The Mudcat Café TM
Thread #75501   Message #1327085
Posted By: George Papavgeris
15-Nov-04 - 04:28 AM
Thread Name: Weird and spooky songs (not in English)
Subject: RE: Weird and spooky songs (not in English)
There is a wonderful Greek traditional song (my guess is it's about 300 yrs old), which falls right into this category. I have it in my "future projects" to do an English-style ballad with it in translation, but haven't felt "ready" to have a crack at it yet.

It's called "Song of Constantine", and the story in the balled goes roughly as follows:

Constantine is the youngest of a widow's 9 sons; there is a young sister too, the apple of her mother's eye, who falls in love with a "foreigner" and wants to marry and go to "distant lands". Mother is against it, because she doen't want her daughter to go so far, and "what would happen if I am on my deathbed and cannot see her to say farewell". Constantine promises that he will go and fetch his sister, when the time comes. The sister marries and leaves.

Plague falls on the land. All 9 sons die from it, and the mother, herself on he deathbed, curses (dead) Constantine for having promised something that he now cannot deliver. A mother's curse being the strongest possible, it breaks Constantine's tombstone and he rises from the grave with his steed. Both look ghostly white, and kind of unwell, unsurprisingly.

Constantine rides to his sister's house to fetch her. She is puzzled by his looks, but he brushes he comments off with excuses (tired etc). She rides home with him, and on the way various animals, speaking with human voices (as is their wont) comment on this beautiful maiden riding with this corpse. Constantine keeps making excuses to his sister.

They make it to their mother's front door, where Constantine, having delivered on his promise, turns to dust with his steed, and his sister just makes it in time to say good bye to her dying mother.
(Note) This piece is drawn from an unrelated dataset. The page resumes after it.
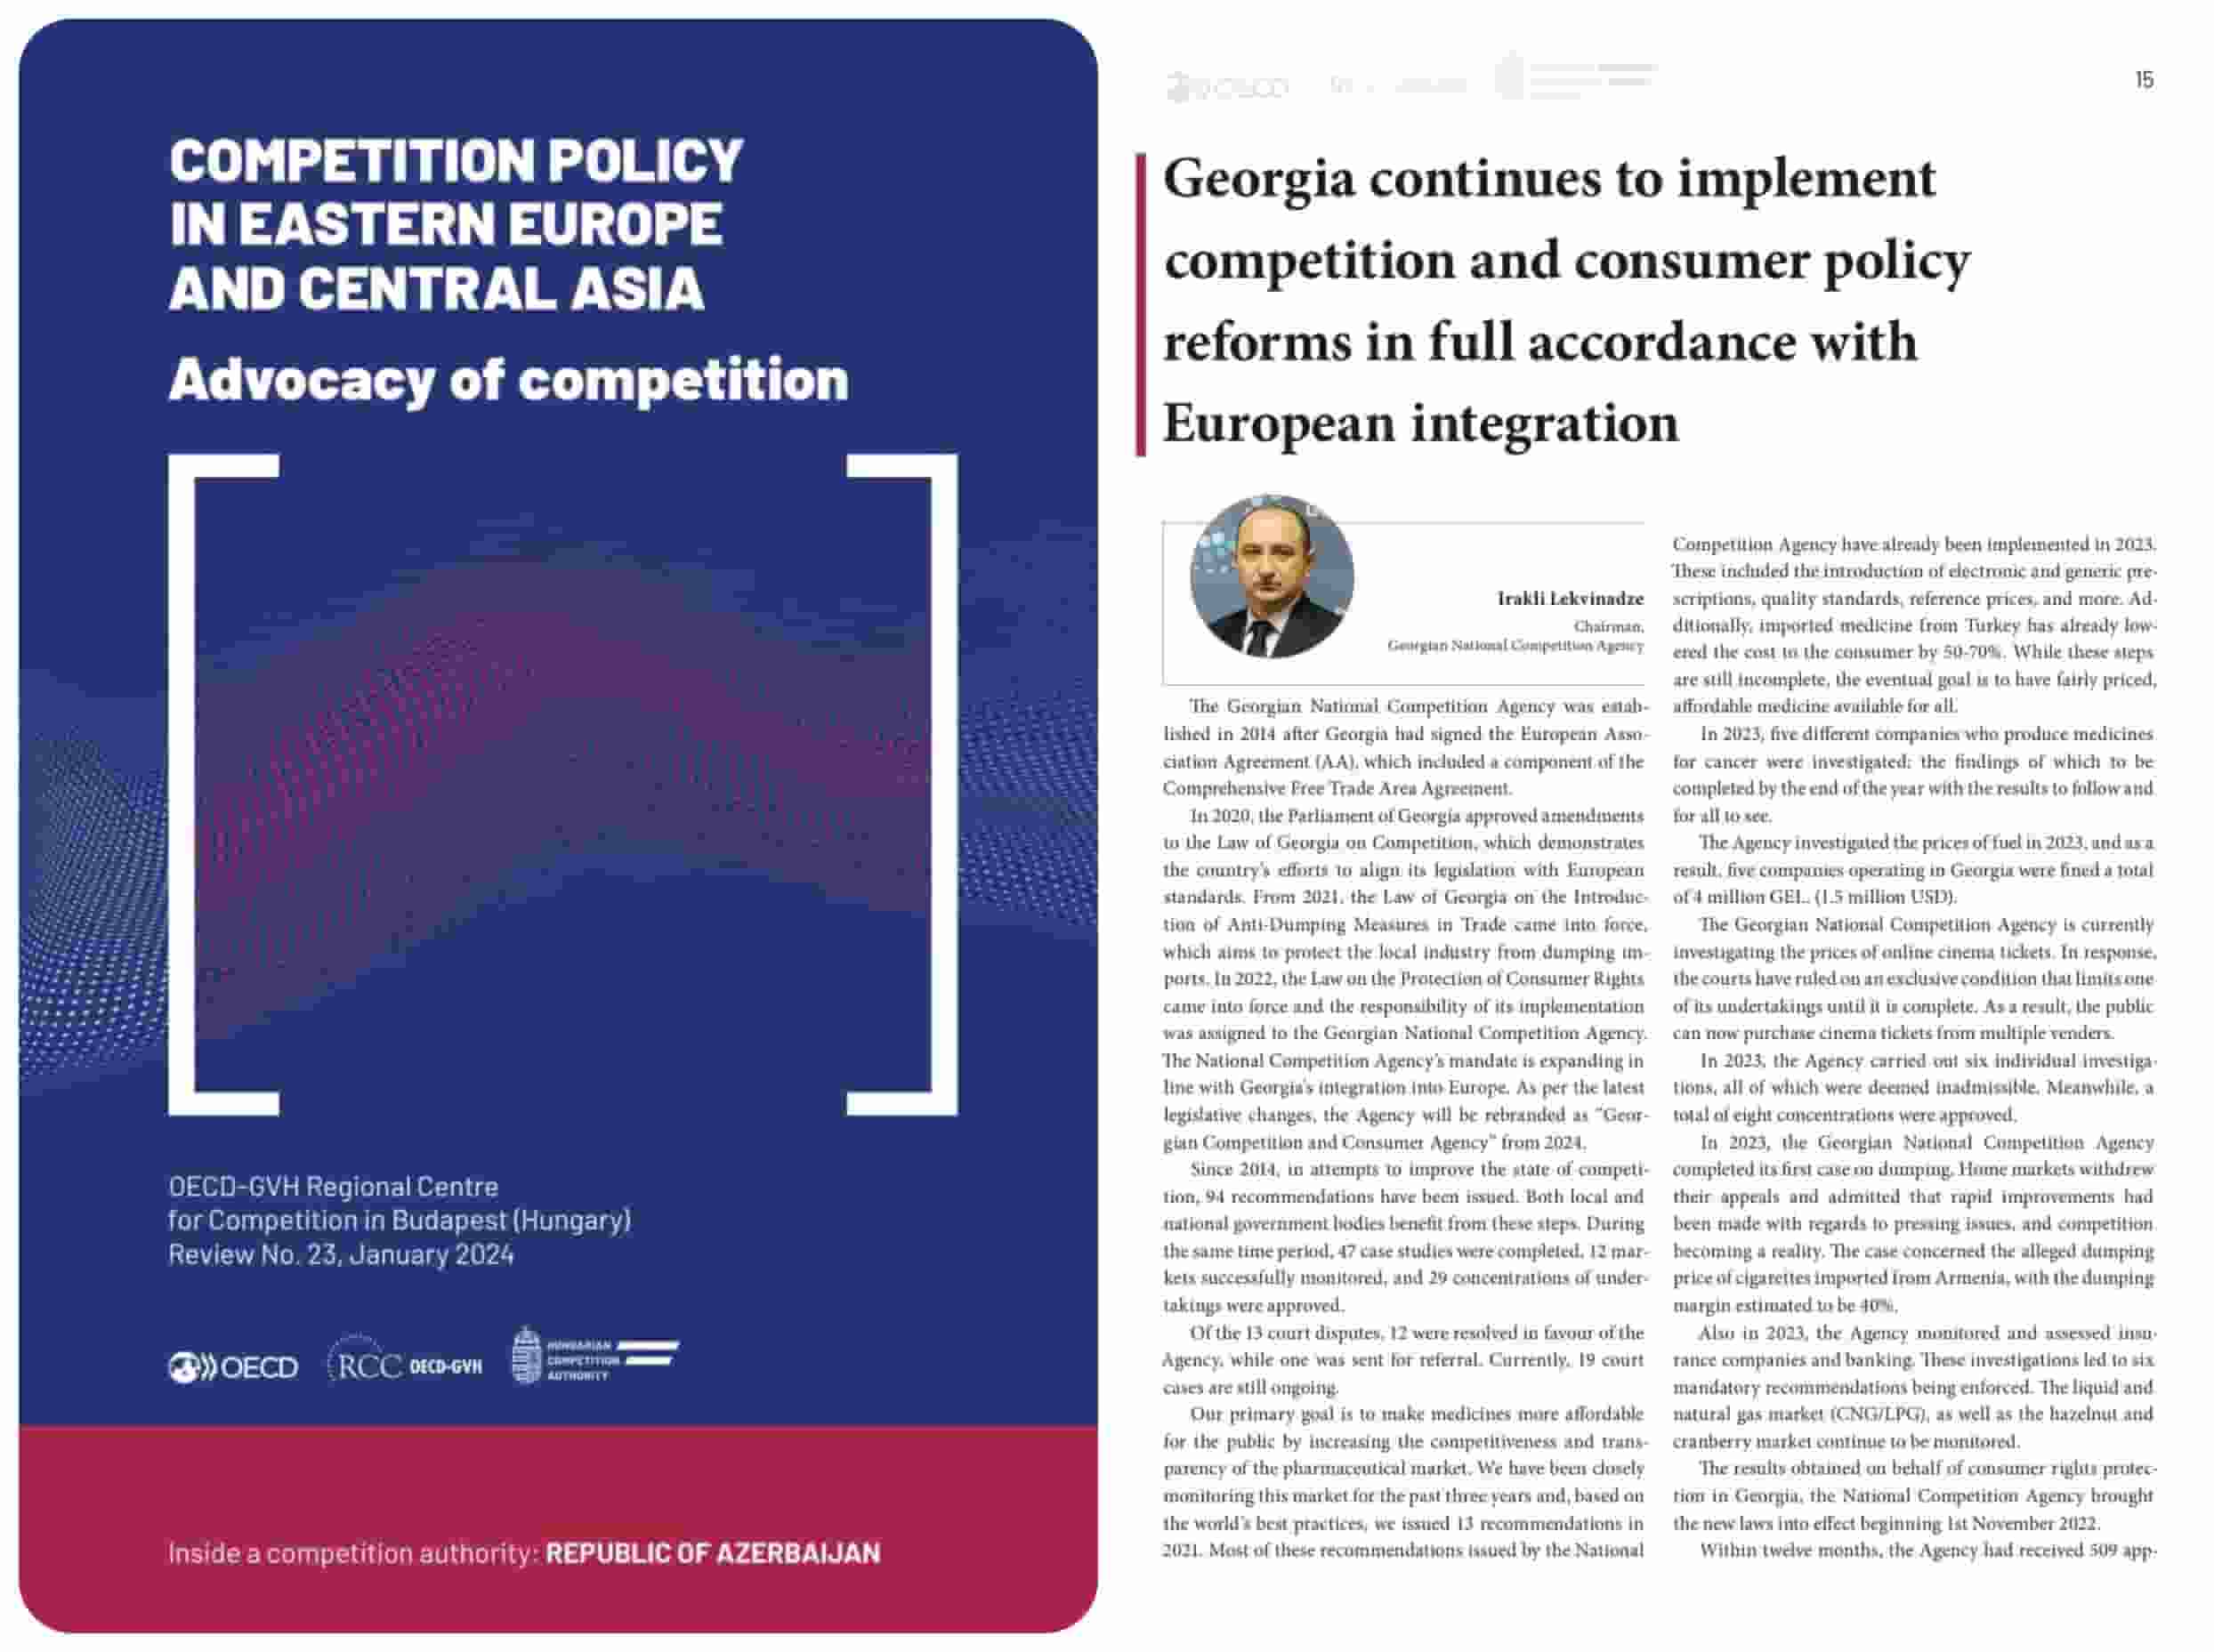 OECD-GVH RCC publishes an article by Irakli Lekvinadze
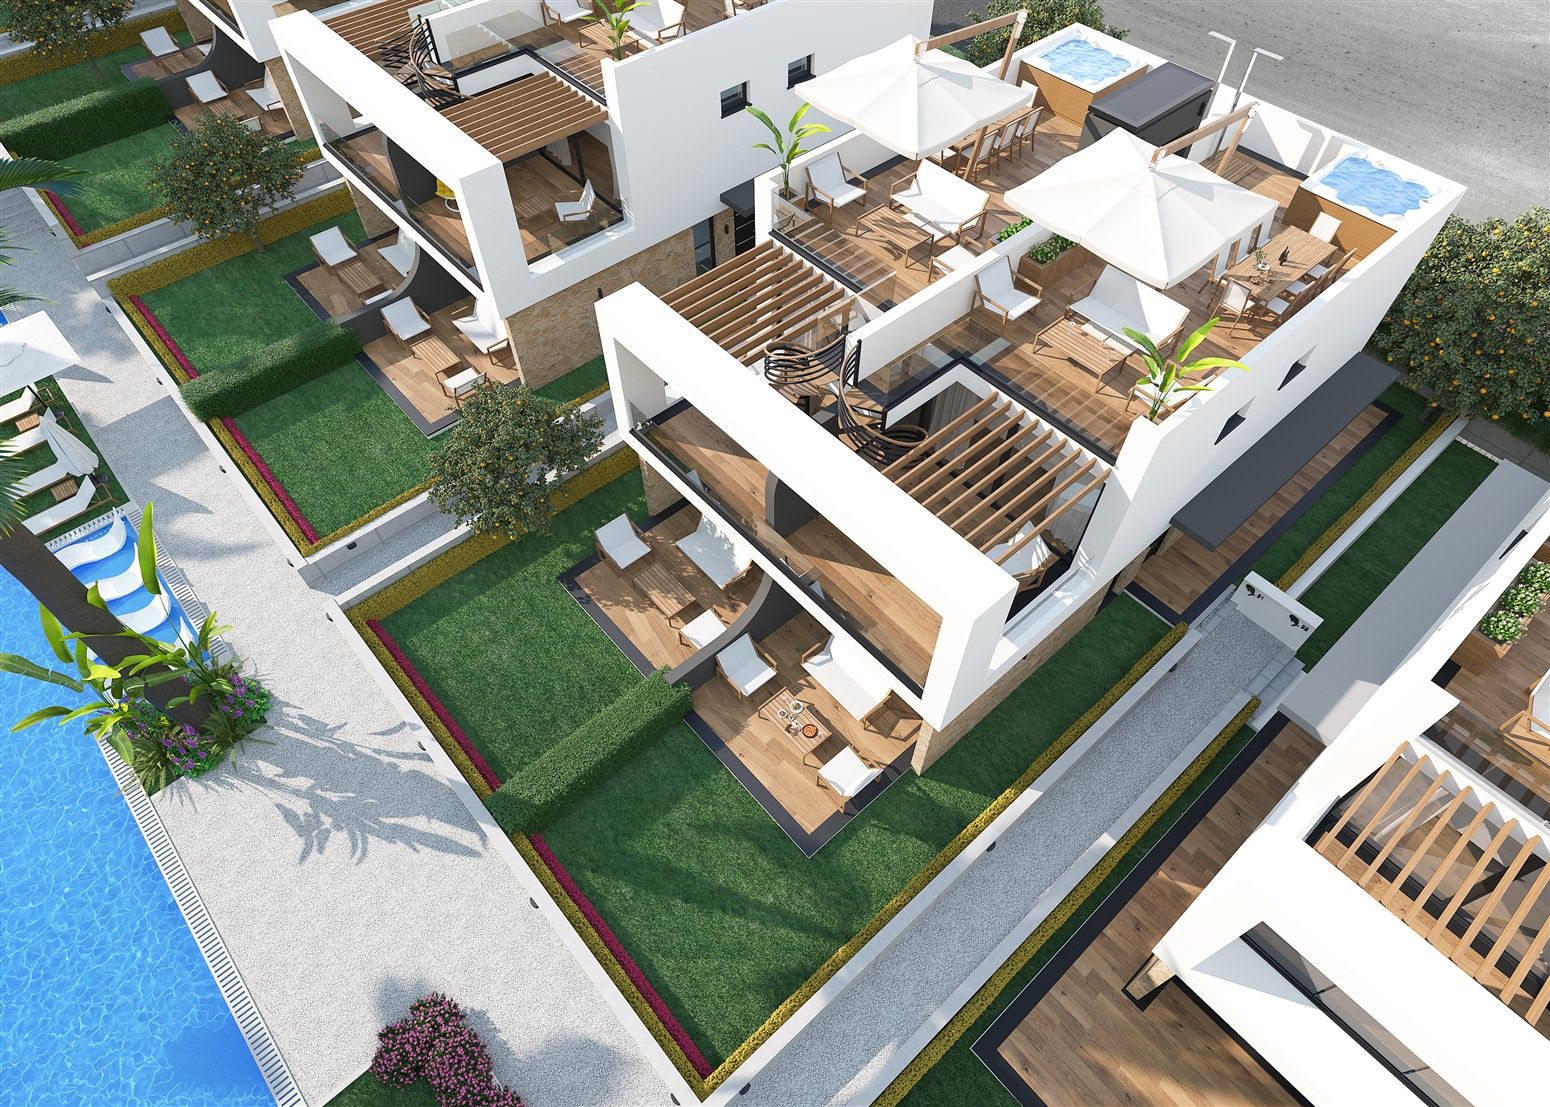 Luxury project of villas in the city center

The story is straightforward enough, then (!). My problem with this is that in the original Greek there is some very strong imagery and wonderfully inventive use of language, and I want to somehow transfer that to the translation. Worth noting that this song has contributed no less than three commonly used proverbs/sayings to the contemporary Greek language. It's a bit of a Holy Grail therefore, and I won't touch it unless I feel confident I can do it justice.